3.3.2 "Explict Embeddings", X2, 1rst par, last bullet

 With each RLE, perform the following steps:
    Otherwise, this is an overflow RLE. If the overflow isolate count is zero, increment the overflow 
embedding count by one. Leave all other variables unchanged.

{COMMENT: INSERT HERE FOR CLARITY=>Otherwise 
this overflow RLE is within the scope of an overflow isolate initiator, so do nothing.}
X3, first par, last bullet

"Otherwise, this is an overflow LRE. If the overflow isolate count is zero, increment the overflow 
embedding count by one. Leave all other variables unchanged. {COMMENT: INSERT HERE FOR CLARITY =>
Otherwise this overflow LRE is within the scope of an overflow isolate initiator, so do nothing.}

{QUESTION: So the embeddings that are done in an overflow isolate are only terminated by the overflow 
isolate terminator, I gather? }

* * *

3.3.2 "Explicit Levels and Directions", "Terminating Isolates", X6A, third bullet, then 2nd sub-bullet:
"While the directional isolate status of the last entry on the stack is false, pop the last entry from 
the directional status stack. (This terminates the scope of those valid embedding initiators within the 
scope of the matched isolate initiator whose scopes have not been terminated by a matching PDF, and which 
thus lack a matching PDF. Given that the valid isolate count is non-zero, the directional status stack must 
ontain an entry with directional isolate status true before this step, and thus after this step the last 
entry on the stack will indeed have a true directional isolate status, i.e. represent the scope of the 
matched isolate initiator.
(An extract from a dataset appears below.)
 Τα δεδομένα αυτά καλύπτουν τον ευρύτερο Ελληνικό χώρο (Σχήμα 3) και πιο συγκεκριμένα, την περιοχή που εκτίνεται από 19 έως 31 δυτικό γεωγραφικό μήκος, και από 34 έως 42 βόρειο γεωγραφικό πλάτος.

This cannot be the stack's first entry, which always belongs to the paragraph 
level and has a false directional status, so there is at least one more entry before it on the stack.)"

{COMMENT: again, the use of "before"and "after" is confusing; the entry that the "directional isolate status" 
set to "true" was PLACED before this step but I would not say that the stack contains it before this step; 
that is sort of comparing "apples and oranges" -- comparing a directional isolate status entry to a step}

=>

"While the directional isolate status of the last entry on the stack is false, pop the last entry from the 
directional status stack. (This terminates the scope of those valid embedding initiators within the scope 
of the matched isolate initiator whose scopes have not been terminated by a matching PDF, and which thus 
lack a matching PDF. Given that the valid isolate count is non-zero, the directional status stack must 
contain an entry with directional isolate status true; [this entry must have been placed prior to the PDI], 
and thus, once all false entries are popped, the last entry on the stack will indeed have a true directional 
isolate status, i.e. represent the scope of the matched isolate initiator. This cannot be the stack's first 
entry, which always belongs to the paragraph level and has a false directional status, so there is at least 
one more entry before it on the stack.)"

* * *

3.3.5 "Resolving Neutral and Isolate Formatting Types", N0, 2nd bullet, section c
"Otherwise, if there is a strong type it must be opposite the embedding direction. Therefore, test for an 
established context with a preceding strong type by checking backwards before the opening paired bracket 
until the first strong type (L, R, or sos) is found."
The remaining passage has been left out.